■ What is expected
Return a copy of every line in the data below that contains "midi".

(Items from a data source)
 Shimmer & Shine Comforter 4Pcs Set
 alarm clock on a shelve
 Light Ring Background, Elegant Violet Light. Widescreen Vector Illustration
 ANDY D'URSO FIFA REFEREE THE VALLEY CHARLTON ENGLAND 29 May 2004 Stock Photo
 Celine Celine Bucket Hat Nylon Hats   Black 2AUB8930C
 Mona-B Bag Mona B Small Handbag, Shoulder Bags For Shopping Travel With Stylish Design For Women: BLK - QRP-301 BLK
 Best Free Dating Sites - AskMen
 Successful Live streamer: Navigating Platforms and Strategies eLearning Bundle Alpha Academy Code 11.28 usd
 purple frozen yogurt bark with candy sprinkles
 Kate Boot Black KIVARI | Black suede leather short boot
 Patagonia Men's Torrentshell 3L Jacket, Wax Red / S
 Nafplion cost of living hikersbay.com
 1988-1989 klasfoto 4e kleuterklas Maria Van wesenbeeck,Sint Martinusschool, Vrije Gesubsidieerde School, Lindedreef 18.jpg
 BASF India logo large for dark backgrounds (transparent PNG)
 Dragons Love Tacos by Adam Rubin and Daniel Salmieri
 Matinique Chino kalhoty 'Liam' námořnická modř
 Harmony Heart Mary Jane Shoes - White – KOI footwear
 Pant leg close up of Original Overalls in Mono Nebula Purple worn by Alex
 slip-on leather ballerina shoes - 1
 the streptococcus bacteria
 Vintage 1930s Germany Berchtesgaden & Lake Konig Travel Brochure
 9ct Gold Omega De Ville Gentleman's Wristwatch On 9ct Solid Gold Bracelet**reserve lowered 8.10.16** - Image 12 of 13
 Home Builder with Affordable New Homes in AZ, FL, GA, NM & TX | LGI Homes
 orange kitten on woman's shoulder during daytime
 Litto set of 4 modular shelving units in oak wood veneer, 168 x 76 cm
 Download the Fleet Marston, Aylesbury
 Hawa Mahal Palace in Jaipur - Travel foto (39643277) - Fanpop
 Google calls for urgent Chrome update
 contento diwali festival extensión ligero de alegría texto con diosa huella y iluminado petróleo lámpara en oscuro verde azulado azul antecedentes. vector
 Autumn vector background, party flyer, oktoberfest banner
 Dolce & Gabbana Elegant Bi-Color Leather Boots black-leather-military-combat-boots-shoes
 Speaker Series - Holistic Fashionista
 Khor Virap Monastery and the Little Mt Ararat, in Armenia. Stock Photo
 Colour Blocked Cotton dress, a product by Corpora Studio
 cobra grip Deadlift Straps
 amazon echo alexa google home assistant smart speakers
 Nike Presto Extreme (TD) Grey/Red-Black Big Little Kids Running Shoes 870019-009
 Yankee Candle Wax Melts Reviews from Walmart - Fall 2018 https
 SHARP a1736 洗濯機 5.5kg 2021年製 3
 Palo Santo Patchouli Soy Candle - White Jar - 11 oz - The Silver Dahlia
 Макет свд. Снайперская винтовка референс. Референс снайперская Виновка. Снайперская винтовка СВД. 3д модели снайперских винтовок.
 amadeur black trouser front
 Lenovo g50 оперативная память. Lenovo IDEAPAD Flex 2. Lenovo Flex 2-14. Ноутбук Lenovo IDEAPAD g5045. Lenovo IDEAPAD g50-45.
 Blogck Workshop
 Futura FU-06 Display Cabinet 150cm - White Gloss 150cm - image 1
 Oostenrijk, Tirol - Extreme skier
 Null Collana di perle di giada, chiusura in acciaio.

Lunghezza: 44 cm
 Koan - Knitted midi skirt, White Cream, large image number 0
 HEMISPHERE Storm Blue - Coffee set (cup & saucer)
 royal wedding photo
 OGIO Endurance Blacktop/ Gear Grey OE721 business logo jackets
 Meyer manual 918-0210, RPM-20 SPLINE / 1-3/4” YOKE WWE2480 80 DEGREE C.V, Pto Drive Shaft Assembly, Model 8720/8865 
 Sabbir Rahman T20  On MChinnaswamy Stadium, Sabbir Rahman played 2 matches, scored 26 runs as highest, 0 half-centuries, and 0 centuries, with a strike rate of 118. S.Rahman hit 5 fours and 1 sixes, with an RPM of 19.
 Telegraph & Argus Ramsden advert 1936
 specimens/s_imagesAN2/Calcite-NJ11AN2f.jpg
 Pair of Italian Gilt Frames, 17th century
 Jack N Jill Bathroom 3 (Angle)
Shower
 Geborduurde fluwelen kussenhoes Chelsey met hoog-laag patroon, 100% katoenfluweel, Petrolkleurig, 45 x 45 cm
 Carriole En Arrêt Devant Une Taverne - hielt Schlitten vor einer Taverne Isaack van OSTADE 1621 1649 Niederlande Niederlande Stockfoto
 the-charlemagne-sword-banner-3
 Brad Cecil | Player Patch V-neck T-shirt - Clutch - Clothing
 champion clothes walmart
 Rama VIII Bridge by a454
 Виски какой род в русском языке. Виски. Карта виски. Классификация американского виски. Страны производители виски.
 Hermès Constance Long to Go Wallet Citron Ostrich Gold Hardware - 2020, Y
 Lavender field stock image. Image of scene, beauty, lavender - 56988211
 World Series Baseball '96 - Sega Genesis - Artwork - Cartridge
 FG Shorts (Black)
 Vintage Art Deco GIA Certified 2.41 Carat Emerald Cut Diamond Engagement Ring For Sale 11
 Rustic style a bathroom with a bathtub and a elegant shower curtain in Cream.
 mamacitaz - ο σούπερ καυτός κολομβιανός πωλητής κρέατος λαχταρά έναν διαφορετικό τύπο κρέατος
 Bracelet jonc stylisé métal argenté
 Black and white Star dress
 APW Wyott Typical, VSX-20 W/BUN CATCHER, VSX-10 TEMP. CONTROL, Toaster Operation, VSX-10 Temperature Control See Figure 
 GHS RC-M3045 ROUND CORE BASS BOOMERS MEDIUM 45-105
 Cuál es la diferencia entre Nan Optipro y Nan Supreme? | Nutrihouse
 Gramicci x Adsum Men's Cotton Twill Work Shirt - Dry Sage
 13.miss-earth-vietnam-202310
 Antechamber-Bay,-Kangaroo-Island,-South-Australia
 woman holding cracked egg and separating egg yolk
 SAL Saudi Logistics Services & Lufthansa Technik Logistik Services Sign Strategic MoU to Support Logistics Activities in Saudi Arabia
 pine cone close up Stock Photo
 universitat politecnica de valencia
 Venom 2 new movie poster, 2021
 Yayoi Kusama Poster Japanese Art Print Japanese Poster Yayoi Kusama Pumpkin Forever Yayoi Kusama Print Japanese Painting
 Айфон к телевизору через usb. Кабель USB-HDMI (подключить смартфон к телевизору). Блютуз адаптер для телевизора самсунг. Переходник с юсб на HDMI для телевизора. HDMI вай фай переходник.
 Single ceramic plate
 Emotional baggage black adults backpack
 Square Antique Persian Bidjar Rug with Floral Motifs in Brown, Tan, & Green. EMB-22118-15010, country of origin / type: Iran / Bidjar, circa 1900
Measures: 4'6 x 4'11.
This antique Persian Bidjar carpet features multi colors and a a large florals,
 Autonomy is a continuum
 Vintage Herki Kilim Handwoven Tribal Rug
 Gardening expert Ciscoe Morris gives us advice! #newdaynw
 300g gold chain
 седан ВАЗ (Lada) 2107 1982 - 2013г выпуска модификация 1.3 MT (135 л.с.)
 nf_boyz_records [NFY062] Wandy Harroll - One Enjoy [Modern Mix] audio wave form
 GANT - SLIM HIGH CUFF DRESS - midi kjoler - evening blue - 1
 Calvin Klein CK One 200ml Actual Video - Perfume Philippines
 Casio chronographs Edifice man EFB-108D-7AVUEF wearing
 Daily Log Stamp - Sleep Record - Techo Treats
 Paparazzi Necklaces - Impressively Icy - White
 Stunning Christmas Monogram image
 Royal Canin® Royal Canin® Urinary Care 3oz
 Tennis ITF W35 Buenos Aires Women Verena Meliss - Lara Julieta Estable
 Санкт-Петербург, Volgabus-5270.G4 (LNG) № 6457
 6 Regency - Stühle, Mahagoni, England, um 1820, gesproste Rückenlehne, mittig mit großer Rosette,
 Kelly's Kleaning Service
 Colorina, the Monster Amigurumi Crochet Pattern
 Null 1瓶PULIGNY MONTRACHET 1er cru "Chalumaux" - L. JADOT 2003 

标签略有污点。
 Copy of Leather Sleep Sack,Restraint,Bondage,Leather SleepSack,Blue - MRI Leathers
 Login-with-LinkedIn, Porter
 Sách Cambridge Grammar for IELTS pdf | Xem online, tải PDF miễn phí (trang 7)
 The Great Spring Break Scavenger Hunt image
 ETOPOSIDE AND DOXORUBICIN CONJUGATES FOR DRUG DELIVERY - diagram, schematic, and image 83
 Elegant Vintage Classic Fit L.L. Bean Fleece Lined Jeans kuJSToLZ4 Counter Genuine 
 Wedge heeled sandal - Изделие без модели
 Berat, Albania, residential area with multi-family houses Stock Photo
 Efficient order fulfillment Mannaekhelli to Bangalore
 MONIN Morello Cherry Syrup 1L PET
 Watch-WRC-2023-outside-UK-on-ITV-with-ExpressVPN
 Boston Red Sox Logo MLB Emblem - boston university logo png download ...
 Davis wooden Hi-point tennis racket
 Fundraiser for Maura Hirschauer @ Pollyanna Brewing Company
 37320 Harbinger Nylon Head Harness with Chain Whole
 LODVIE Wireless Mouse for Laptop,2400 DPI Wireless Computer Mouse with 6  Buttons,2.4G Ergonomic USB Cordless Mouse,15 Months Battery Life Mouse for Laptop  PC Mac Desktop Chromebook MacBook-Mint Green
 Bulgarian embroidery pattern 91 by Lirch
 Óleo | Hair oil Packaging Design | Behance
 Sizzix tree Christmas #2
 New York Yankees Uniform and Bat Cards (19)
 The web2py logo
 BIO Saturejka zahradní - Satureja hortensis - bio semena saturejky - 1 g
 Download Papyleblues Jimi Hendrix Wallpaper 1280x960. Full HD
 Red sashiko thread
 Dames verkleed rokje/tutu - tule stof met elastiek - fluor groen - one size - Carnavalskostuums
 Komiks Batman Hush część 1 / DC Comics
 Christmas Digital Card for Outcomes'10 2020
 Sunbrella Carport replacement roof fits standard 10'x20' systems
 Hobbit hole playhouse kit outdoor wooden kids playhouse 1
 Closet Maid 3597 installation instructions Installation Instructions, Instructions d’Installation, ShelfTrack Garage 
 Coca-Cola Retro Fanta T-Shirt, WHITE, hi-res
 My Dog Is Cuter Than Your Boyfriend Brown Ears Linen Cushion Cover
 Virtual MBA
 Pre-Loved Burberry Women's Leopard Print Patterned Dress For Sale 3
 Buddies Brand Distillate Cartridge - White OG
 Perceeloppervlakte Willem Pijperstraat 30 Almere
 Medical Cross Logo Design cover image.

■ Answer to this problem
 Koan - Knitted midi skirt, White Cream, large image number 0
 GANT - SLIM HIGH CUFF DRESS - midi kjoler - evening blue - 1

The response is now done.